Is This Form Right For You?
Use This Form If:
- Individuals who wish to publish a book but lack the time or expertise to write it themselves can utilize a Ghostwriting Agreement to formalize the arrangement with a ghostwriter. This ensures that both parties understand their responsibilities and the expectations for the project.
- Authors seeking to maintain control over their book's content and pricing may find this agreement essential. By clearly outlining the terms, authors can protect their intellectual property while ensuring the ghostwriter is compensated fairly.
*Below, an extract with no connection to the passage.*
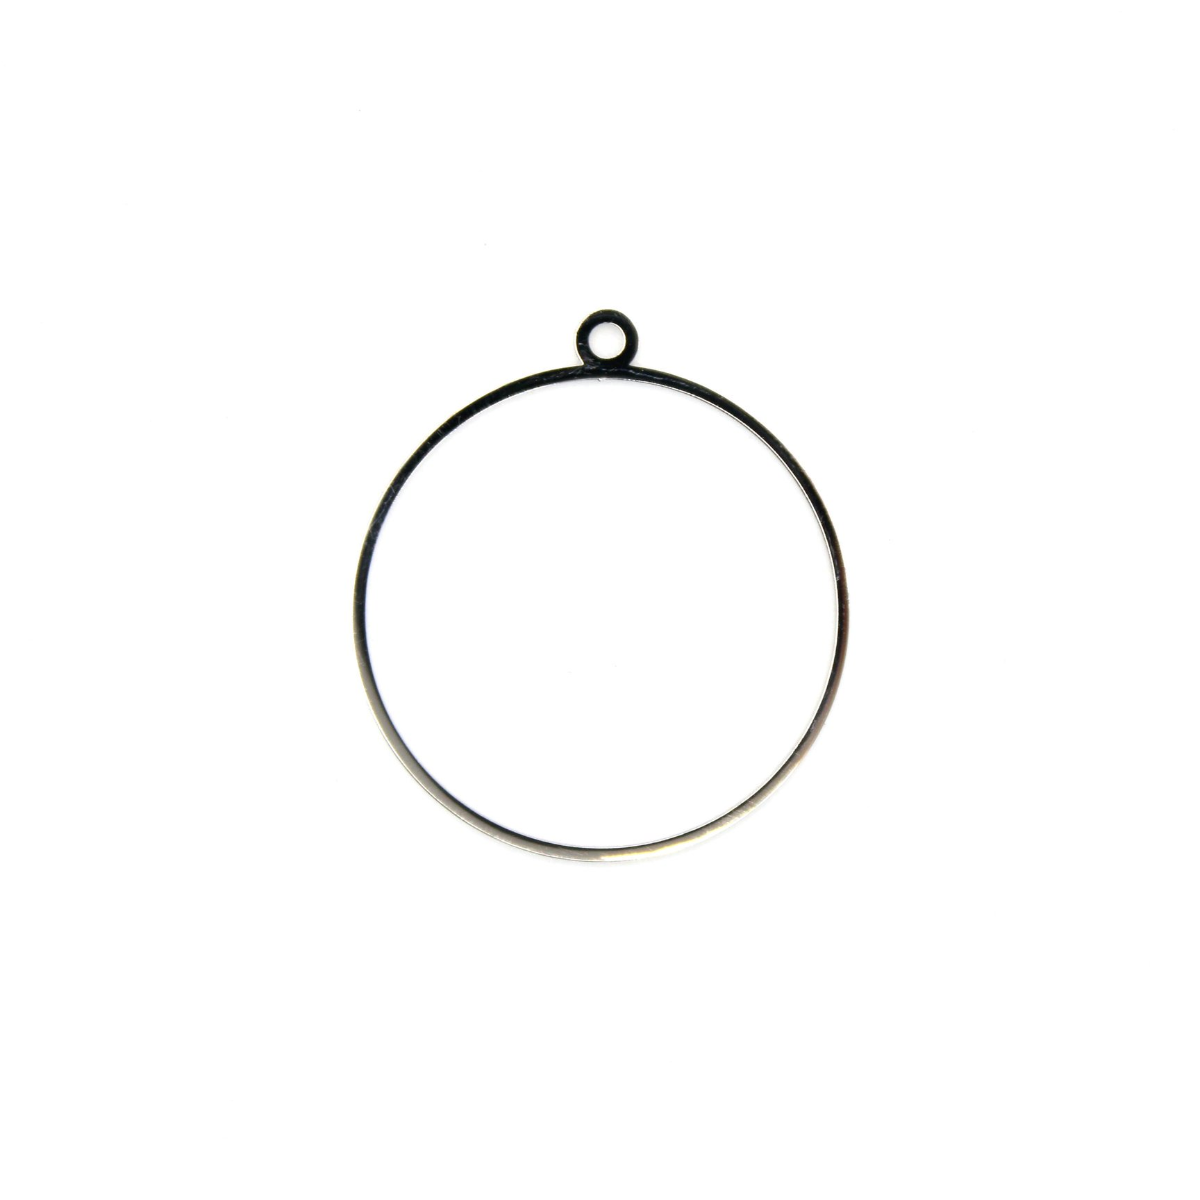 Handgefertigte offene Lünette aus Edelstahl von Mushy Design
 Form-Kreis

- In situations where a ghostwriter is hired to create content for a specific audience or niche, this agreement helps define the project scope. It allows the author to communicate their vision while providing the ghostwriter with the necessary guidelines to deliver a successful manuscript.
- For those entering into a collaboration where confidentiality is paramount, such as writing a memoir or sensitive subject matter, a Ghostwriting Agreement can safeguard against unauthorized disclosures. This legal document emphasizes the importance of privacy in the creative process.
- When disputes arise regarding credit or payment, having a written Ghostwriting Agreement can serve as a crucial reference point. It clarifies the terms agreed upon by both parties, reducing the potential for misunderstandings or legal conflicts.
Do Not Use If:
- – This form is not appropriate for authors who wish to retain full authorship and credit for their work. If an author wants to be recognized as the sole creator, a ghostwriting agreement may not align with their goals.
- – In cases where the author and ghostwriter have an informal relationship without the need for legal formalities, a Ghostwriting Agreement may be unnecessary. Trust and mutual understanding could suffice in such situations.
- – If the project involves multiple collaborators who need to share credit and responsibilities, a more complex collaboration agreement may be required instead of a simple ghostwriting contract.
- – For authors who are writing their own content and do not require assistance, this agreement is not suitable. It is specifically designed for situations where a ghostwriter is involved in the writing process.
- – When the content being created involves illegal activities or unethical practices, this form should not be used. Legal agreements should always comply with the law and ethical standards.